NPR Radio’s “Kitchen Window” series featured “Dog-Eared Cookbook Relays Mother-in-Law’s Love” recently, a wonderful radio essay about how the life of a mother continues after her death due to the heritage left behind in a cookbook.
A few days after Jan died, we went through her possessions, and there was her go-to cookbook, stained and dog-eared. The book is called Our Favorites … with Cocktails and Coffee. The spiral-bound book contains recipes from women in the Hadassah chapter she belonged to. It appears to have been printed in 1980, but it’s redolent of the 1950s, when many of the women would have been raising families and cooking dinner every night.
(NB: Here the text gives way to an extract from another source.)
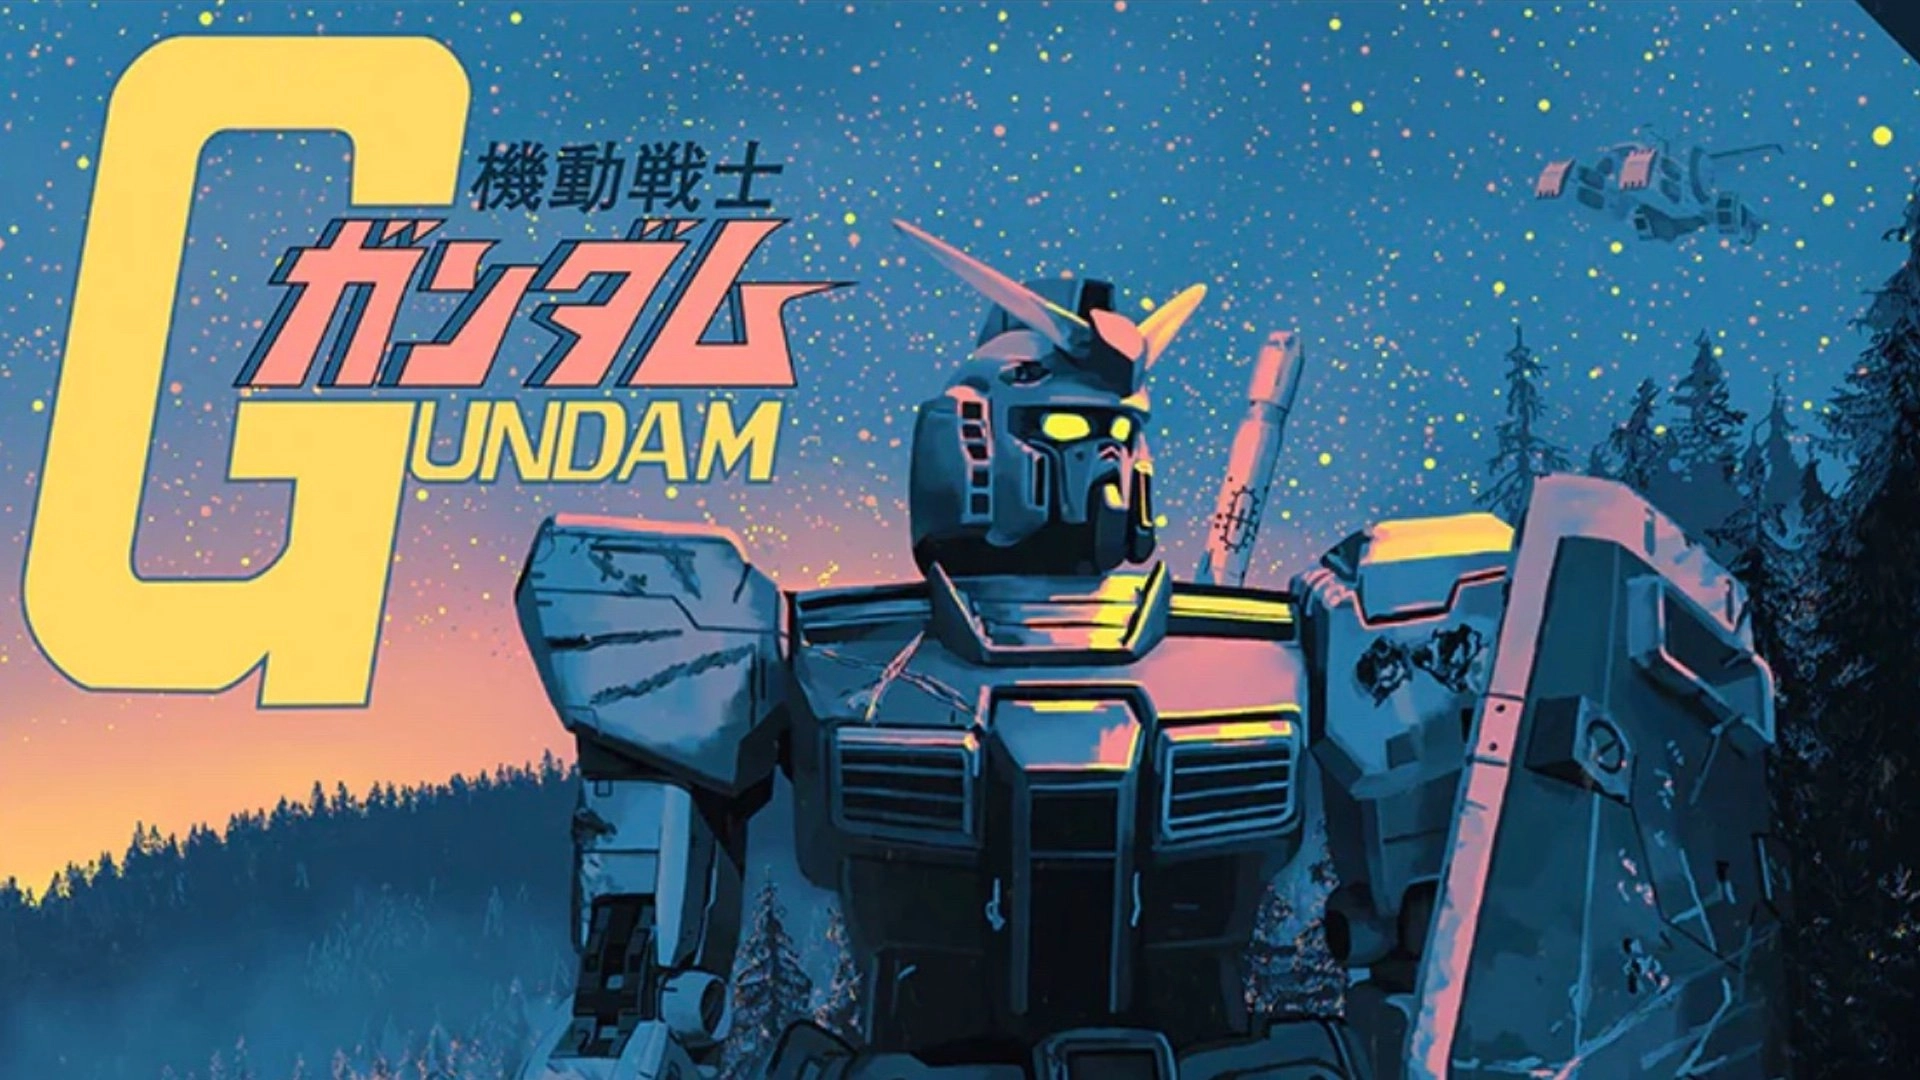 Cómo ver Gundam en orden: Una guía para entrar a esta saga
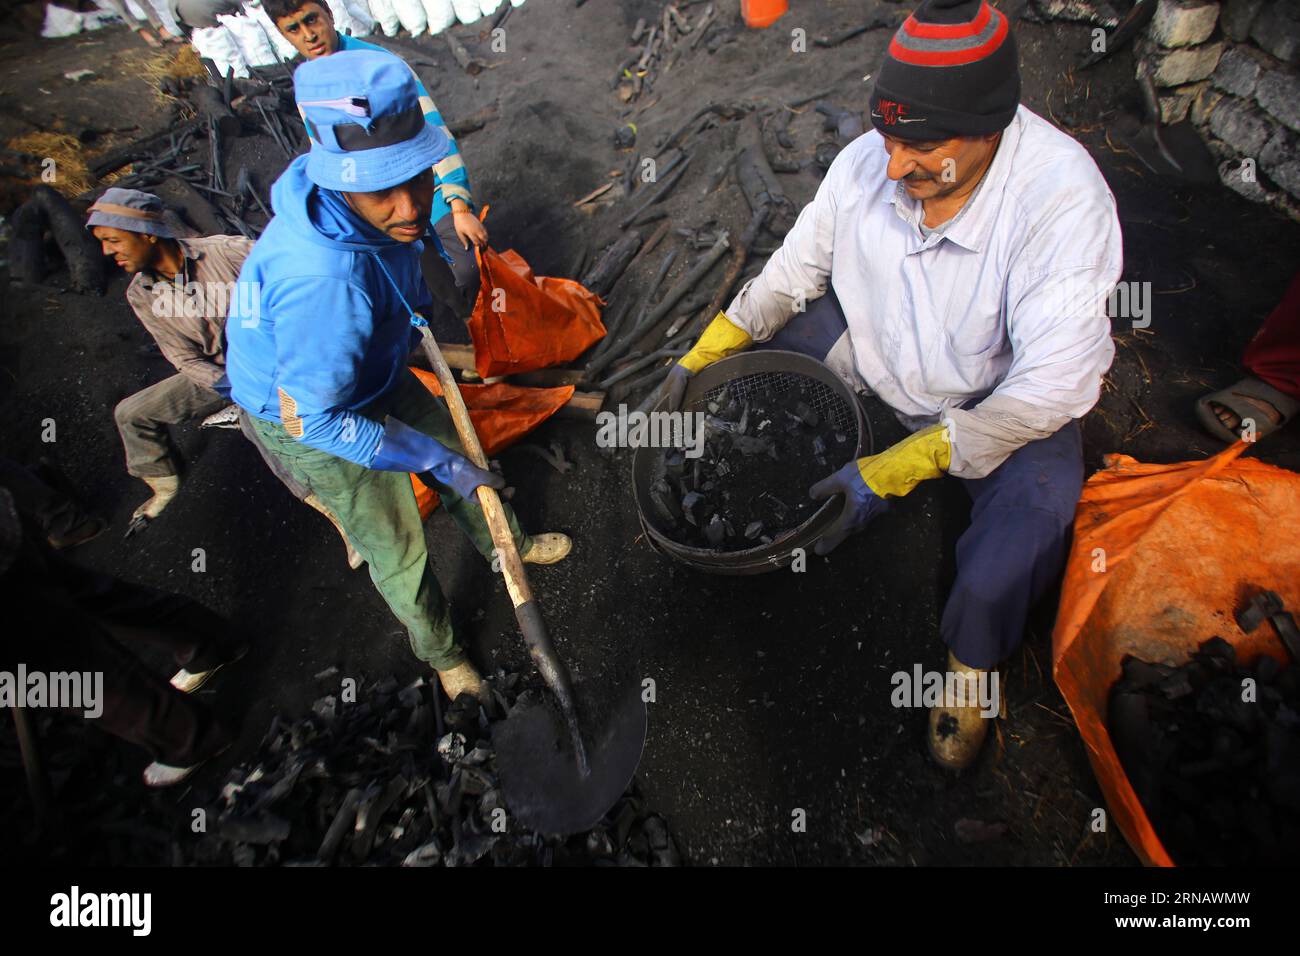 Les travailleurs égyptiens du charbon de bois travaillent dans une usine de charbon de bois à Sharqia, en Égypte, le 7 février 2016. Il y avait environ 300 usines de charbon en Egypte avec plus de 5 000 travailleurs employés. Mais le gouvernement égyptien en ferme maintenant beaucoup pour réduire la pollution environnementale causée par les unités industrielles de charbon de bois. )(zhf) ÉGYPTE-SHARQIA-PRODUCTION DE CHARBON AhmedxGomaa PUBLICATIONxNOTxINxCHN les travailleurs égyptiens de charbon travaillent DANS une usine de charbon à Sharqia Egypte LE 7 2016 février, il y avait environ 300 usines de charbon en Egypte avec plus de 5 000 travailleurs employés, mais le gouvernement égyptien EST maintenant CLO Banque D'Images

I felt as if I’d found the Holy Grail. The cookbook has a recipe for mandel bread — Yiddish for “almond bread.” That’s the Jewish version of biscotti, a twice-baked cookie named for the almonds mixed into the batter. I also found recipes for Jan’s excellent poppy seed cookies and her moist, flavorful honey cake. On Rosh Hashana, it is customary to eat sweets, particularly those made with honey, to symbolize the sweetness of the new year.
Just like researching your family’s history, going through cookbooks to discover the truth behind the family recipes is just as much a mystery to be solved as finding the last name of the woman who married your great-grandfather’s uncle.
The book is filled with notes in her Palmer-perfect handwriting, as well as alternate versions of recipes on slips of paper. But which version did she prefer? I had other questions: “Why did you change the oil quantity from one cup to half a cup in the mandel bread?” (Probably she’d answer, “Who needs all that oil?”) Why did you write “wash and drain” on the poppy seed recipe, then cross the words out? And then there were the missing elements — like a pan size for the honey cake. She most likely had a cake pan she’d always use, but that sure didn’t help me.
Through trial and error, and by consulting with other cooks, I solved some of the mysteries.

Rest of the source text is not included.